Одушевленность мира. Судьба души в манихейском представлении зависит от жизненных процессов, происходящих в теле, временно оказавшемся ее пристанищем. Душа как часть субстанции света таким образом никак не связана с личностью человека — частицы света находятся в таком же "связанном", плененном состоянии во всех живых и неживых телах и находятся в постоянном движении, претерпевая либо освобождение, либо заключение. Человек может сознательным образом влиять на судьбу мироздания, возвращая больше светлой субстанции обратно ее создателю — этому, в частности, служат пищевые предписания манихеев и прочие "печати" (запреты на определенные виды деятельности). В частности, описанная выше "печать рук" предполагает неучастие "избранных" в сборе урожая, поскольку человеческая душа, anima rationalis может обитать плодовом дереве, а необходимость кому-то выполнять эту работу объясняется евангельской цитатой Мф. 25:35 — под "заботой об алчущем, жаждущем и нагим" манихейская трактовка предполагает заботу верующих низкого уровня посвящения о своих "избранных". Однако вместо спасения души в качестве награды им полагается перерождение душ в "более совершенных" телах — "избранных", или растений, предложенных им в пищу. Души не-манихеев после смерти переселяются в деревья, корнеплоды10 или крупных зверей — что исключает их из употребления в пищу "избранными" и возможности "освобождения". Несмотря на знакомство св. Августина с платонизмом и применение термина revolutio для описания круговорота душ в мире, как отмечает Куделла, богослов не предпринимал серьезных попыток проанализировать эту очевидную параллель.

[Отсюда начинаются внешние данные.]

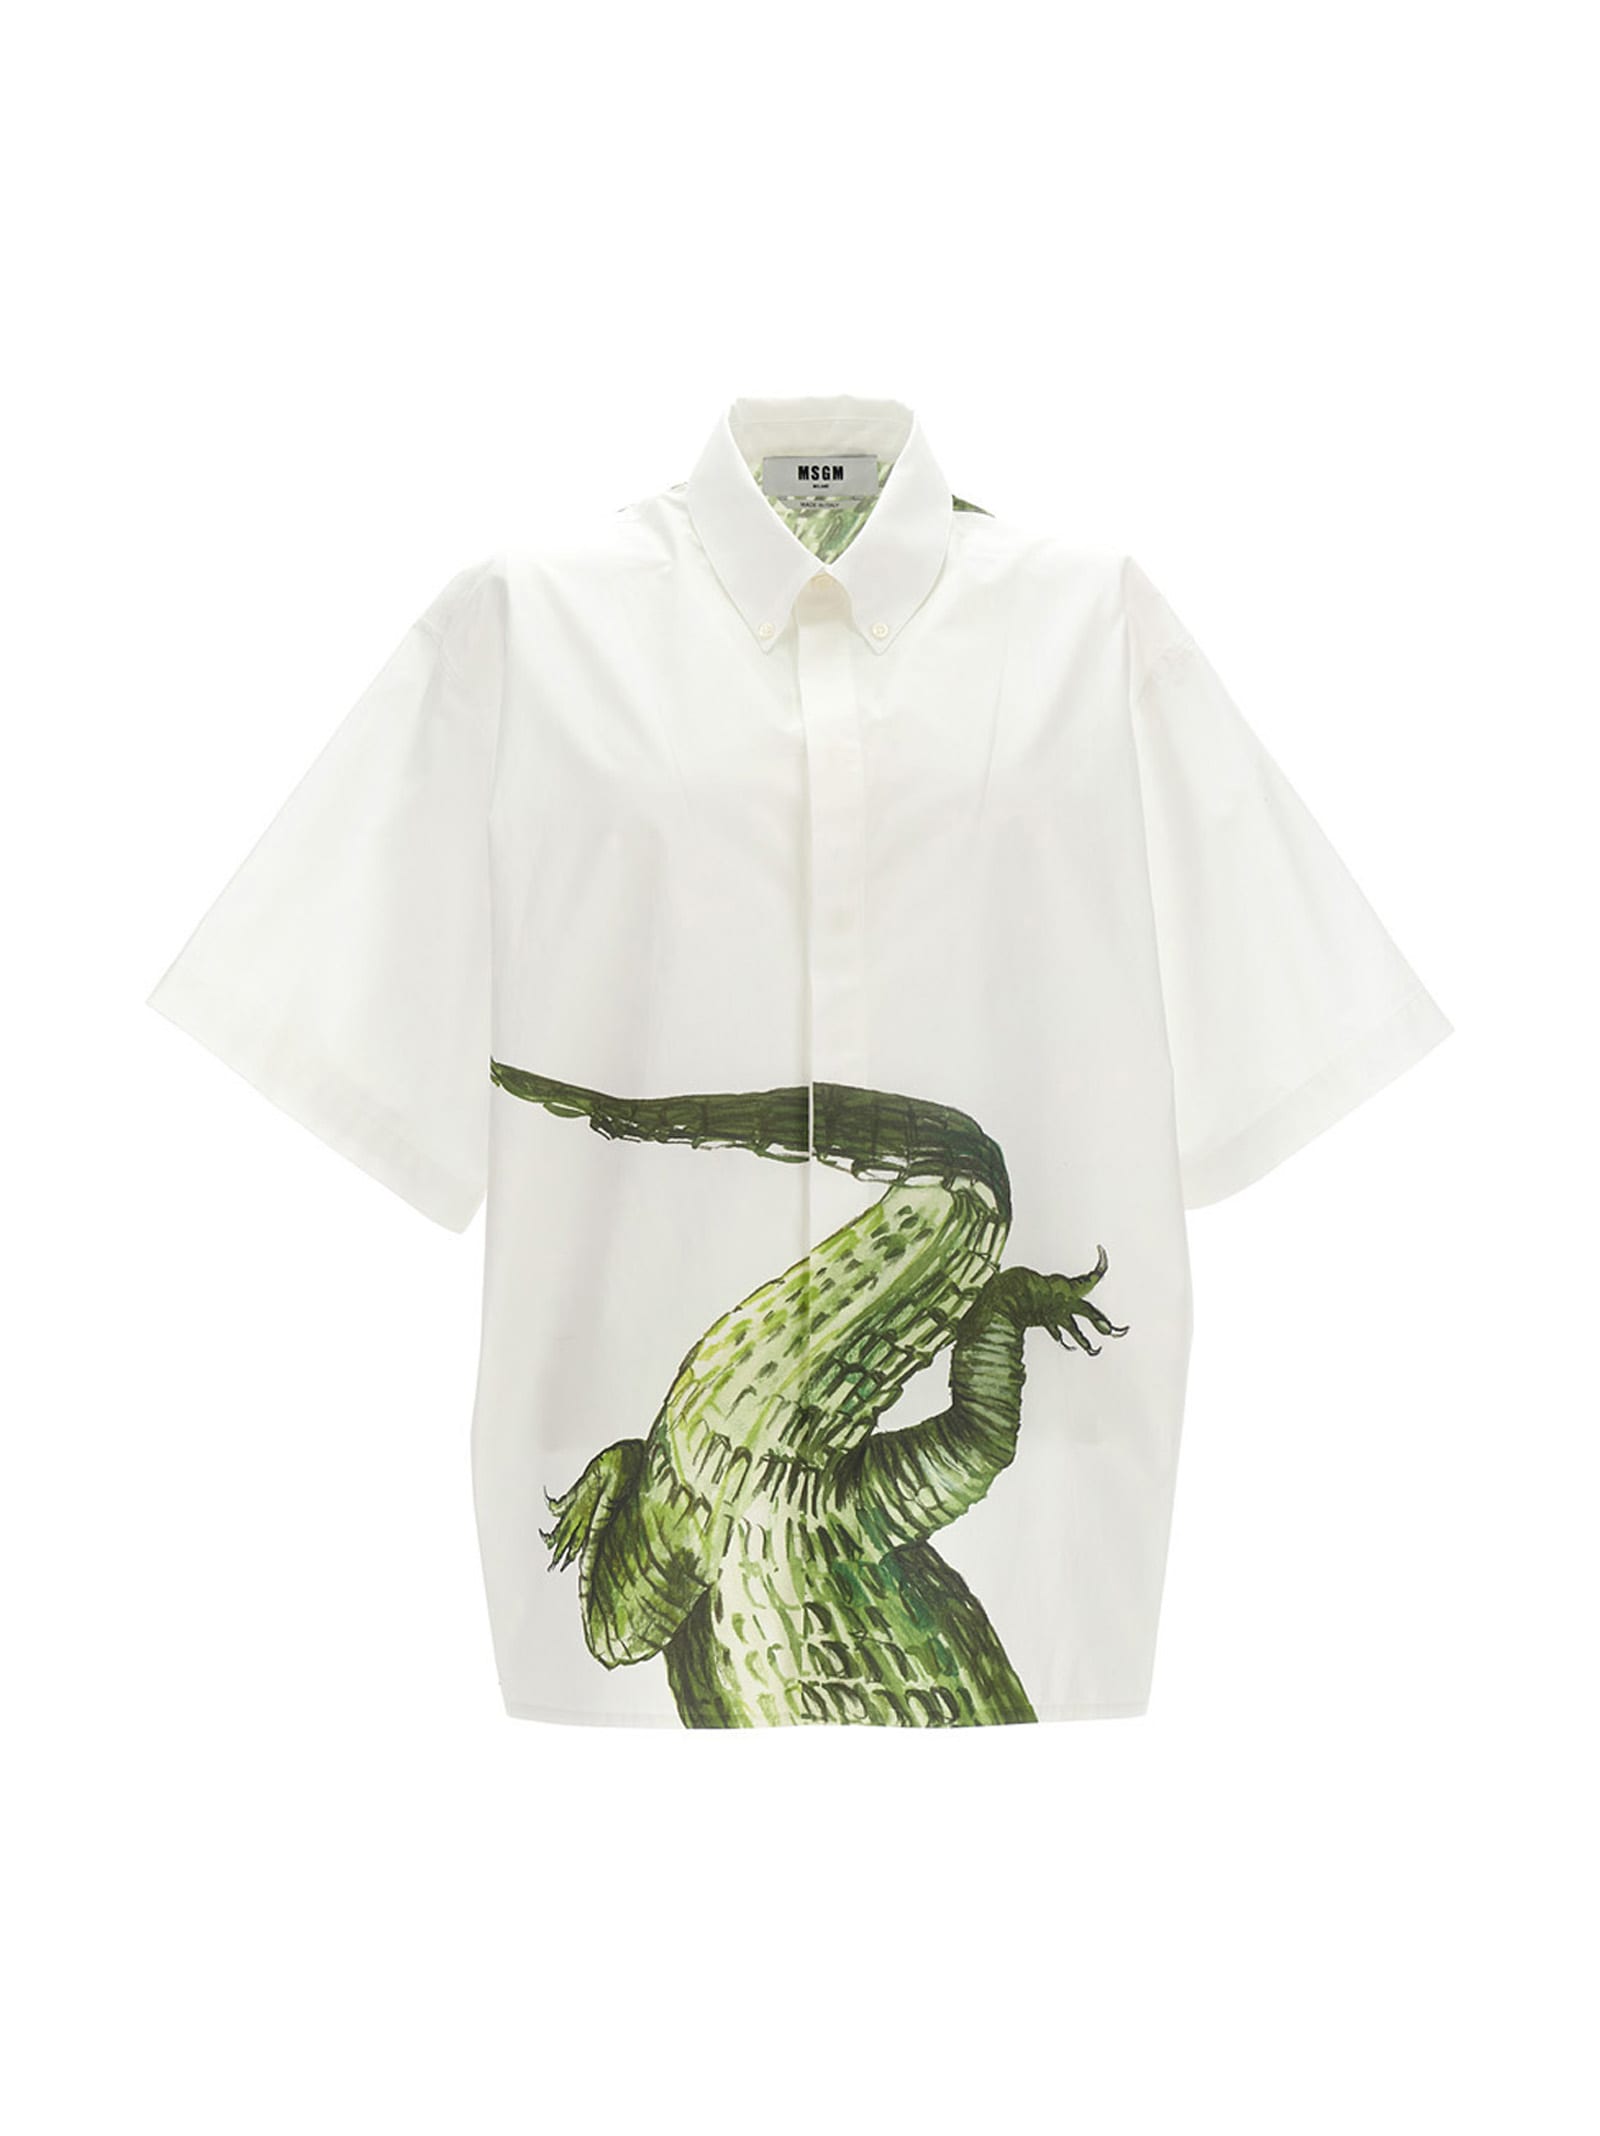 MSGM crocodile Shirt

Поклонение Солнцу. Манихейское учение называет светила "кораблями", которые переносят частицы света, собранные в мире, в небесное царство света. Св. Августин указывает на особое почитание Солнца и Луны, которое выражается в молитвах, обращенных в направлении светил, а также в представлениях о том, что светила состоят из божественной субстанции и являются частью божества, а Солнце ассоциируется с Христом (что подчеркивает особенное его значение для манихеев). Обвинение в поклонении светилам в целом является известным общим местом, применявшимся также и в отношении христиан. Ничего исключительно богохульного в молитвах манихеев нет, кроме того, что в тот день, когда они поклоняются Солнцу, христиане празднуют Воскресение Господа. Однако совпадение праздничных дней, с точки зрения оппонента св. Августина, Фавста, может быть неслучайным — с манихейских позиций он осуждает предписанный иудеям субботний покой, поскольку таким образом они как бы присоединяются к почитанию римского бога Сатурна. Вопрос о том, были ли остальные дни, не посвященные Солнцу, в манихейском недельном литургическом обиходе отмечены столь же выраженным или менее активным почитанием этого светила, св. Августин оставляет открытым.

Отрицание телесности. Негативное отношение к мясу, плоти и телесности как таковой в манихейском мировоззрении исходит из принципиального дуализма, различающего благую и злую природы, в то время как похожие этические воззрения платоников указывают на действие страстей в человеческом теле, которые вызваны четырьмя элементами и их свойствам. С позиции принадлежности любого живого тела к царству тьмы по природе и по субстанции, любое действие этого тела может служить исключительно той же темной силе. Употребление в пищу живыми существами плоти других существ только увеличивает концентрацию тьмы, та же логика действует и в отношении продолжения рода. Критика Фавста в отношении эпизода из пророка Осии с женитьбой на блуднице (Ос 1:2) основывается на буквальном понимании истории брака пророка и приложении к нему описанной выше морали: лучше уж продолжать жить с порочной женщиной, избегать возможности иметь детей, чем приумножать род тьмы. На практике резко негативное отношение к телесному не исключало для членов манихейской общины возможности вступать в законный брак или сожительствовать, требование полного воздержания относилось только к "избранным". В этом контексте евангельские свидетельства о непорочной безбрачной жизни Христа воспринимались как прямое доказательство предпочтительности целомудренного воздержания как модели поведения для благочестивого человека.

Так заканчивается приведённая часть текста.